Sometimes. A fuller answer involves number theory (but to understand why RSA works, you really need to know the basics anyways).

First off, a definition: the order of a value $a$ (modulo $p$) is the smallest positive integer $x$ such that $a^x \equiv 1 \pmod p$. The value $a \equiv 0 \pmod p$ doesn't have an order (it's not considered an element in the multiplicative group $\mathbb{Z}_p^*$); all other values have an order (assuming $p$ is prime).

Now, if we have $m^e = m \pmod {pq}$ (where $pq=n$, expressed as its prime factors), then we know that:

  • Either $m = 0 \pmod p$, or the order of $m$ modulo $p$ is a divisor of $e-1$

  • Either $m = 0 \pmod q$, or the order of $m$ modulo $q$ is a divisor of $e-1$

Now, if either $m = 0 \pmod p$ or $m = 0 \pmod q$, then a simple computation $\gcd(m, n)$ reveals the factorization (unless both are true, in which case we have $m = 0$; we can't deduce anything from that).

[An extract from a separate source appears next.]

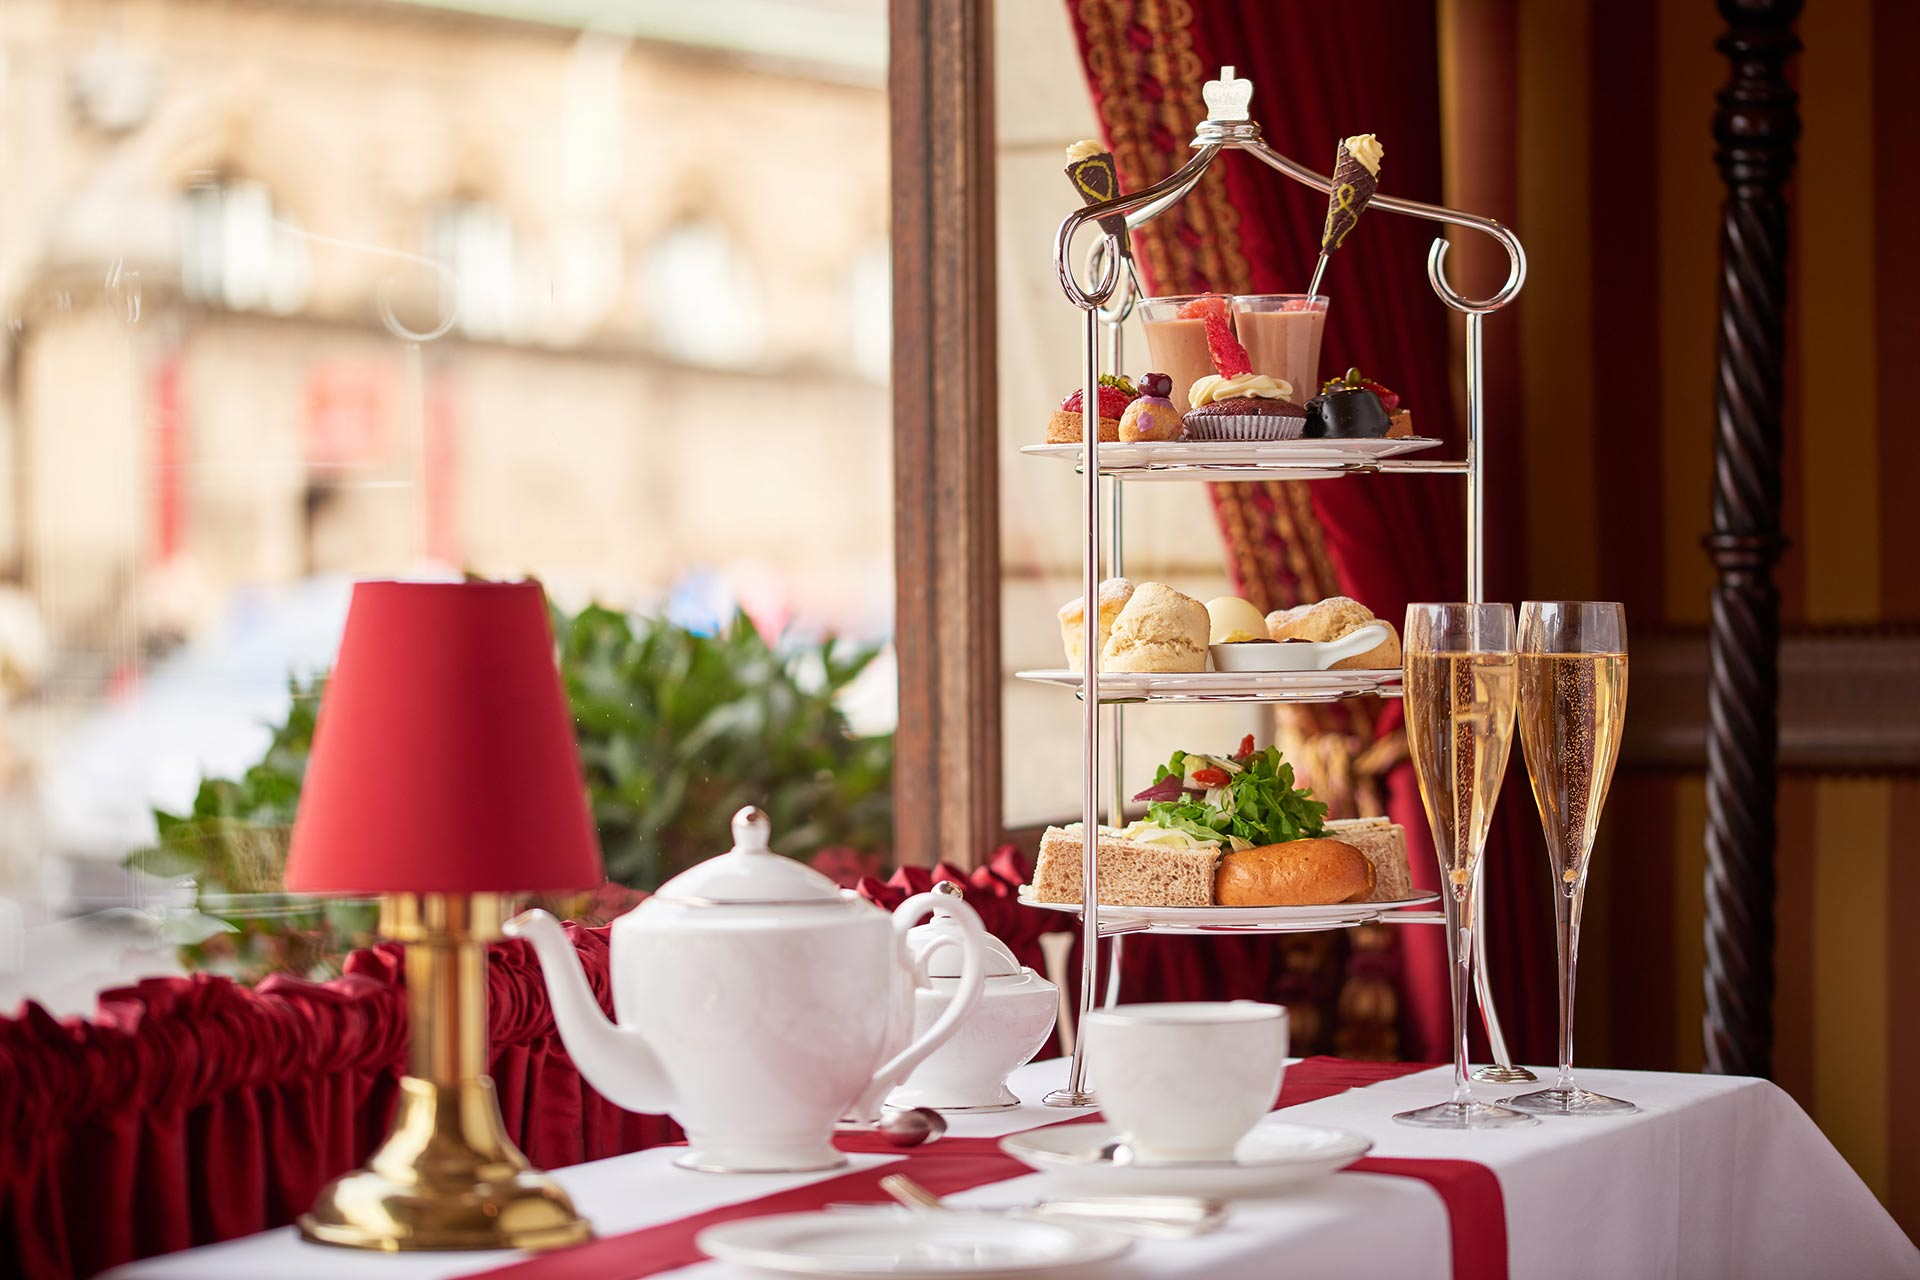 Rubens' Royal Afternoon Tea at The Rubens at the Palace in London

The other case is if both have orders; if the two orders are different, say, $x$ and $y$ (with $x < y$), then a simple computation of $\gcd( m^x - 1, n )$ reveals the factorization.

On the other, if the two orders are the same, well, the knowledge of $m$ doesn't reveal a factorization.

And, because $e$ is typically small, $e-1$ is easy to factor, hence it is practical to test $\gcd( m^x - 1, n )$ for all divisors $x$ of $e-1$

Now, there are some simplifications: to test if $m$ is order 1 (either modulo $p$ or $q$), we can just compute $\gcd( m - 1, n )$ (and if both sides have that order, that corresponds to $m = 1$)

And, for the order $2$, it turns out we can compute $\gcd( m + 1, n )$ (and if both sides have that order, that corresponds to $m = n-1$)

In most cases, computing $\gcd(m, n), \gcd(m-1, n), \gcd(m+1, n)$ is sufficient to recover the factorization; however the fuller test will catch some more cases.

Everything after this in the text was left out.